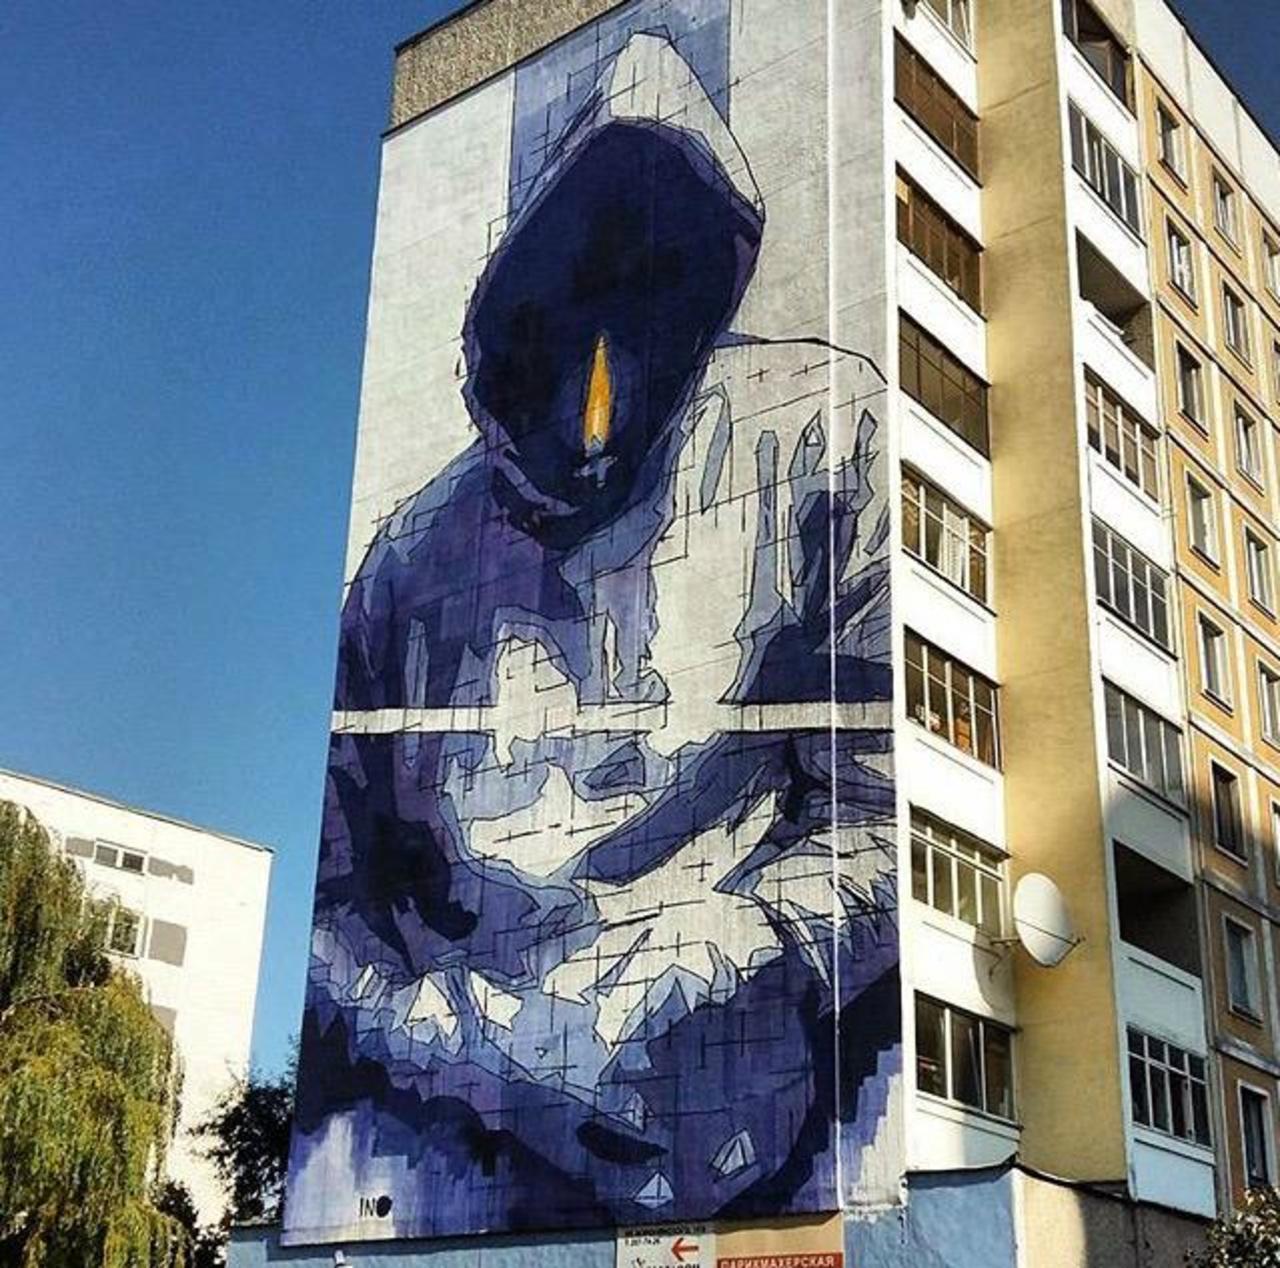 'Man With No Name' 
New Street Art by iNO in Minsk, Belarus 

#art #graffiti #mural #streetart http://t.co/VVAuQzVKFM

____

Exercise goal = Everything in the data except the pictures should be restated word for word.

Answer section =
 'Man With No Name' 
New Street Art by iNO in Minsk, Belarus 

#art #graffiti #mural #streetart http://t.co/VVAuQzVKFM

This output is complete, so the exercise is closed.